Tuesday, October 27, 2009

Mona di Orio- Carnation


You came to me to open my eyes
your body- to me- a window, a mirror, a glance
you came as the night approaches an owl
to show it at night, to show it all.

And I've learned: There's a name for every crease and eyelash,
for every hair on my exposed flesh,
and the scent of childhood, of glue and pine,
is the fragrance of bodies at night.

If there were any torments- they sailed towards you.
My white sail to your darkness.
Please let me go now, allow me to leave
and kneel on the shore of forgiveness.


from "Prayers of Atonement" by Leah Goldberg. Crudely translated from Hebrew by me.


Carnation by Mona di Orio is not about the flower. The website talks about "the carnation that blooms on a woman's cheek", which makes perfect sense as soon as you actually smell it. It's all about skin, and not necessarily of the freshly showered variety.

There's the scent of a warm skin after a day in the sun. There's the smell of clean bodies under a freshly laundered blanket. Mona di Orio's musky Carnation is both, and it's stunning and addictive, as long as you're ready to deal with a perfume that doesn't smell like anything out of a modern department store. I suspect that once upon a time more perfumes had such elements in them (think of the original, civet-rich, Guerlains), but finding such sensuality in perfume today is very rare.

It might be surprising, but Carnation doesn't really feel raw or wild. It's actually intimate, introspective and somewhat of an introvert. This is what a "skin scent" is all about- it feels soft and tactile, blooms in warmth and while strong and long lasting, it wouldn't announce your comings and goings.

The official notes are bergamot, clove, geranium, ylang ylang, violet, jasmine, precious woods, musk, amber and styrax. But this list doesn't tell much about the way Carnation feels, and it is worlds apart from any other amber-musk scent I can think of. Like each and every Mona di Orio perfume, Carnation must be tested on skin and allowed some time to develop. It doesn't reach the irresistible stage until about an hour into wearing it, which explains why it's such a hard sale.

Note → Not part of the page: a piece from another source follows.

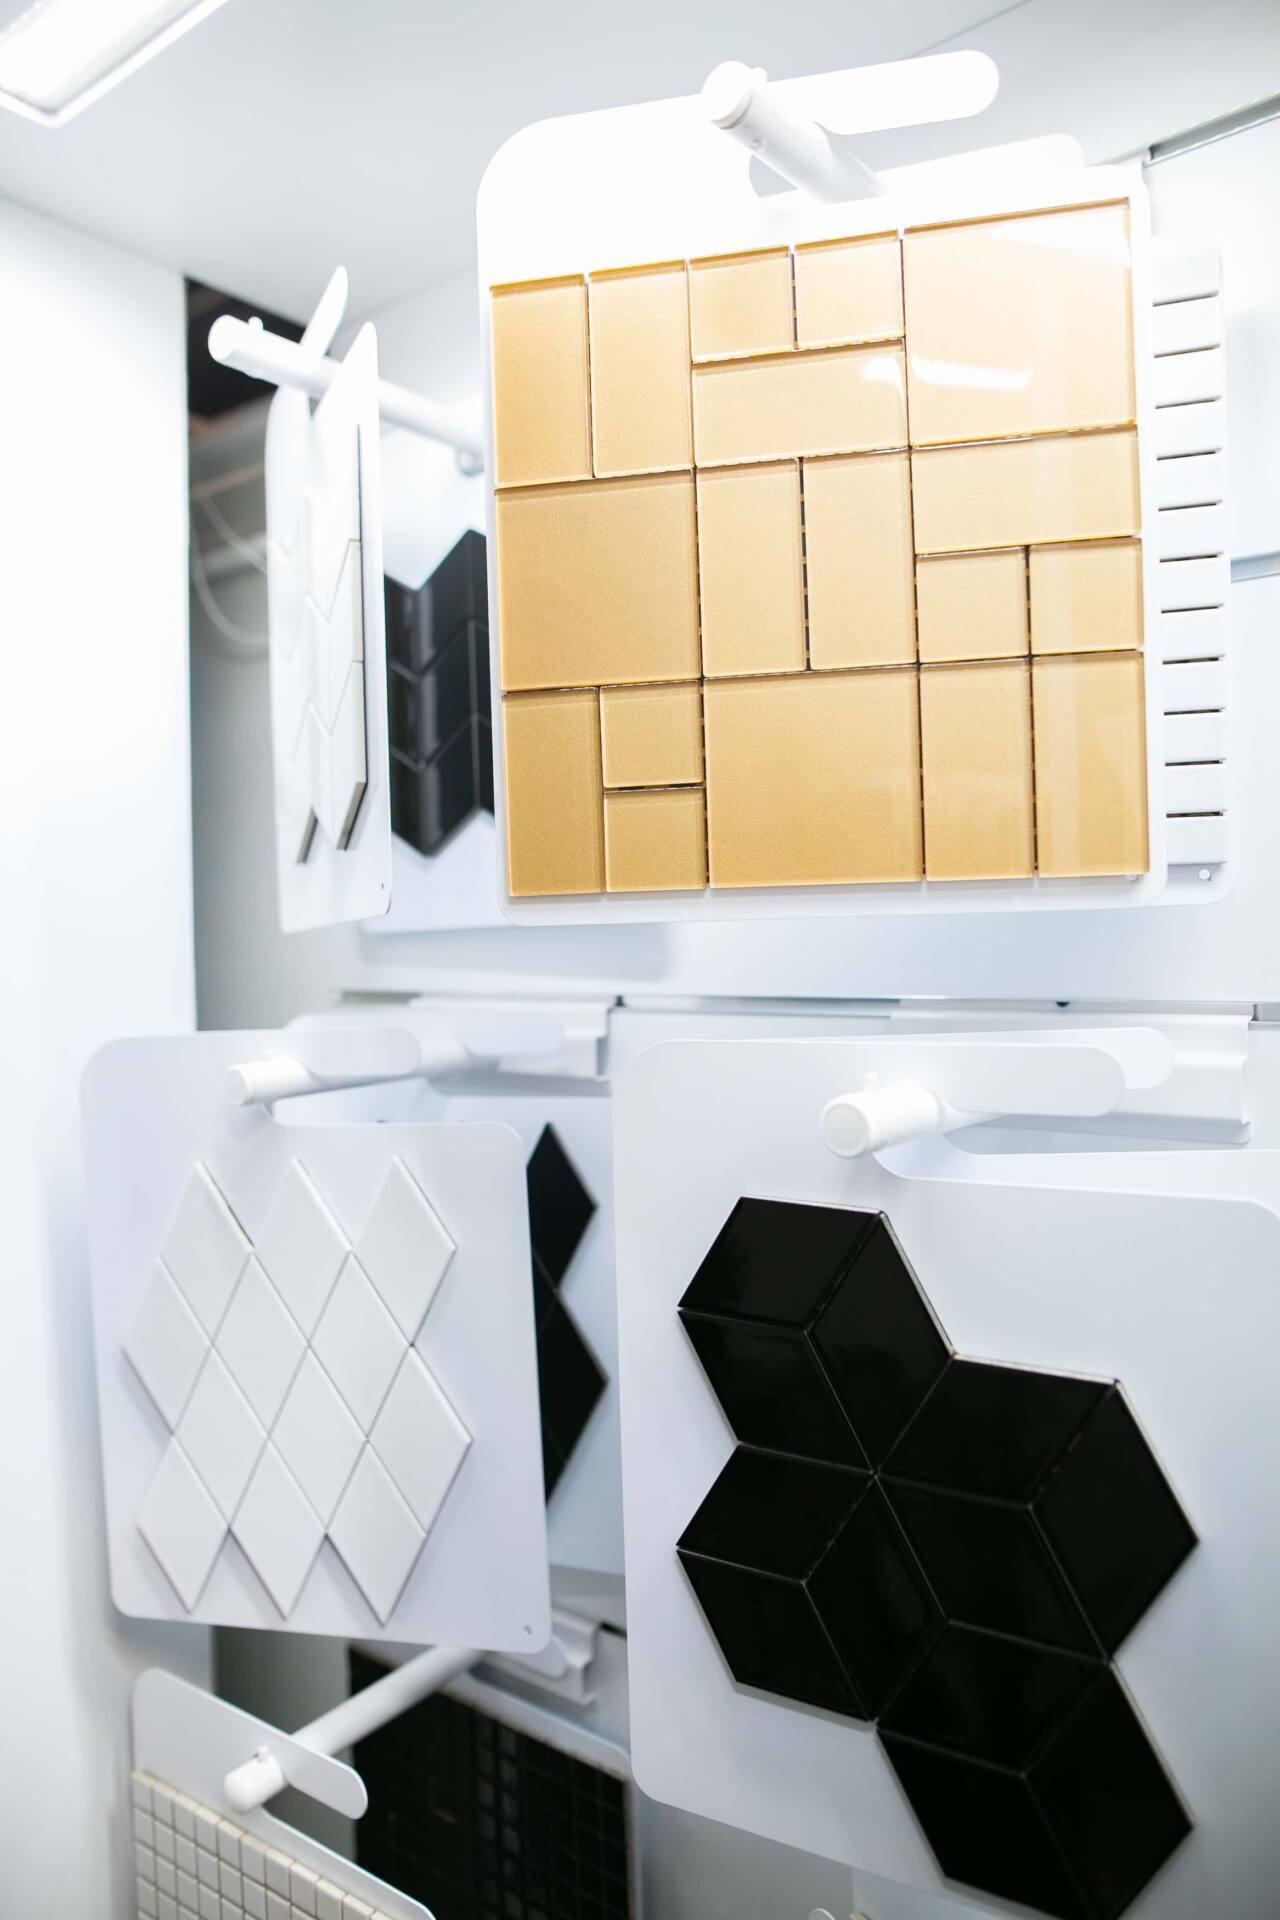 5db 5605 Salon BLU: na ponad 500 m2., 36 łazienkowych aranżacji i bogata ekspozycja wyposażenia (zdjęcia)

Mona di Orio fragrances are currently in a very limited distribution, Les Senteurs in London being the only place that ships them. The good news is that according to the MdO website, the perfumes are coming back to New York and will soon be sold at Takashimaya. I can't wait. For now, samples can be obtained through The Perfumed Court. I bought my bottle when it was still available at Bergdorf Goodman.